Kabar hangat buat kamu para pejuang ibu kota! Pemerintah Provinsi DKI Jakarta akhirnya resmi menetapkan Upah Minimum Provinsi (UMP) atau yang sering disebut UMR Jakarta tahun 2026 sebesar Rp5.729.876. Pengumuman ini disampaikan langsung oleh Gubernur Pramono Anung di Balai Kota Jakarta pada 24 Desember 2025.
Angka ini mengalami kenaikan sebesar 6,17% atau setara dengan Rp333.115 dibandingkan UMP tahun sebelumnya yang berada di angka Rp5.396.761. Kenaikan yang mengacu pada Peraturan Pemerintah Nomor 49 Tahun 2025 yang ditandatangani Presiden Prabowo Subianto ini tentu menjadi angin segar. Tapi pertanyaannya, dengan gaji Rp5,7 juta, apakah kita benar-benar bisa hidup layak di Jakarta, atau sekadar bertahan hidup saja?
Realita Pahit Biaya Hidup Ibu Kota
Meski Jakarta kembali menjadi salah satu provinsi dengan upah minimum tertinggi di Indonesia, banyak warga dan pekerja merasa angka tersebut masih sangat pas-pasan. Untuk sekadar makan enak dengan gaji segitu rasanya agak sulit, apalagi ditambah tingginya biaya kontrakan atau kos-kosan di Jakarta.
Faktanya, inflasi di lapangan seringkali terasa lebih mencekik. Sebagai contoh, harga beras sempat mengalami kenaikan hampir 20% secara tahunan, belum lagi uang pangkal pendidikan yang diam-diam naik sekitar 10% hingga 15%. Jika kita membedah soal angka ideal, beberapa warga berpendapat bahwa biaya hidup yang benar-benar layak di Jakarta seharusnya berada di kisaran Rp15 juta per bulan. Bahkan, jika menghitung biaya hidup ideal yang nyaman untuk sebuah keluarga kecil termasuk cicilan rumah, transportasi, asuransi, hiburan, dan investasi, total pengeluarannya bisa menyentuh angka Rp20 juta per bulan. Jauh sekali kan jaraknya dari angka Rp5,7 juta?

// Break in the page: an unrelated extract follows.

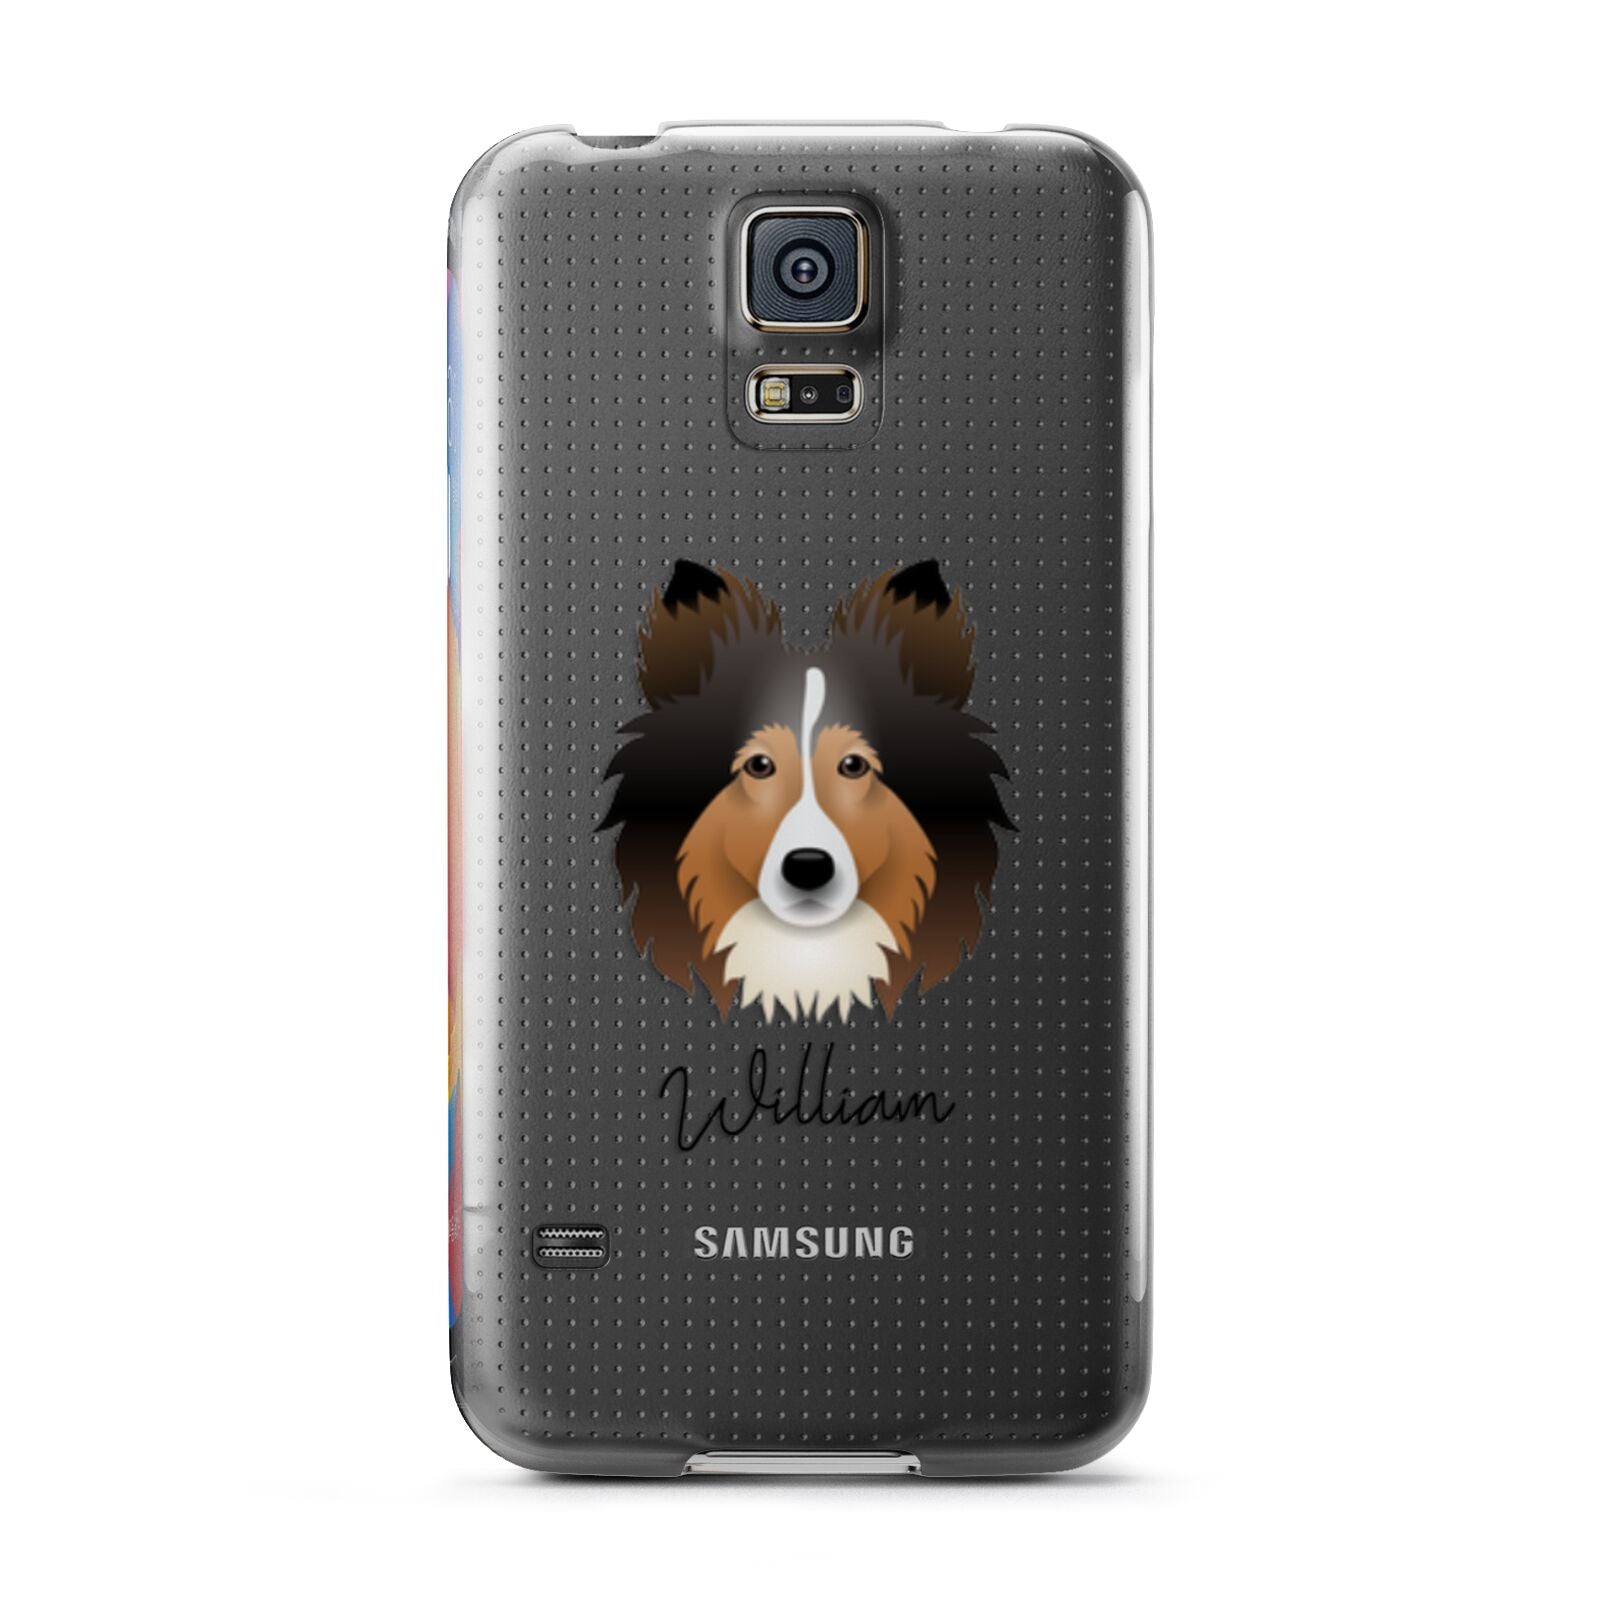 Shetland Sheepdog Personalised Samsung Galaxy S5 Case

Trik Survive Ala Pakar Keuangan
Lalu, bagaimana nasib pekerja dengan gaji UMR? Tenang, Perencana Keuangan Safir Senduk membagikan beberapa tips jitu agar upahmu tetap optimal. Pertama, evaluasi kebiasaan kecilmu, terutama soal makanan. Kurangi asupan karbohidrat berlebih dan perbanyak protein, yang selain bagus untuk otak juga bisa membantu penghematan secara perlahan. Kedua, bijaklah dalam memilih transportasi. Jika kamu membandingkan KRL dengan motor, KRL jelas jauh lebih murah karena hanya butuh sekitar Rp5.000 untuk sekali jalan. Meski beli bensin terasa murah, kamu sering lupa bahwa membeli "aset" motornya di awal membutuhkan modal yang sangat besar.
Gen Z Wajib Tahu: Minimalis dan Mulai Investasi
Safir Senduk juga memberikan pesan penting khusus bagi Gen Z, jangan ikuti kesalahan generasi sebelumnya (Gen X) yang kerap membuktikan kemapanan dengan cara membeli banyak barang. Entah itu rumah besar, treadmill, atau kendaraan baru. Di era sekarang, memiliki lebih sedikit barang justru jauh lebih baik dan minim masalah.
Alih-alih memaksakan diri membeli barang mewah seperti iPhone terbaru yang harganya bisa memakan tiga hingga empat kali lipat dari gaji UMR, lebih baik uangmu dipakai untuk meningkatkan keahlian lewat sertifikasi dan memperbanyak porsi investasi.
Ingat, nilai uang kita akan terus tergerus inflasi jika tidak diinvestasikan. Buat kamu yang modalnya terbatas, kamu bisa mulai mencicil investasi di instrumen seperti reksa dana pasar uang hanya dengan modal Rp100.000 setiap bulannya secara rutin.
Pada akhirnya, perlu dicatat bahwa UMP Rp5,7 juta ini diwajibkan sebagai jaring pengaman bagi pekerja baru yang masa kerjanya di bawah satu tahun. Bagi kamu yang sudah bekerja lebih dari setahun, perusahaan wajib memberikan struktur skala upah yang lebih adil. Berapapun pendapatan yang kamu terima bulan ini, kelolalah dengan bijak dan jangan pernah lelah untuk terus berinvestasi. Tetap semangat menaklukkan kerasnya ibu kota!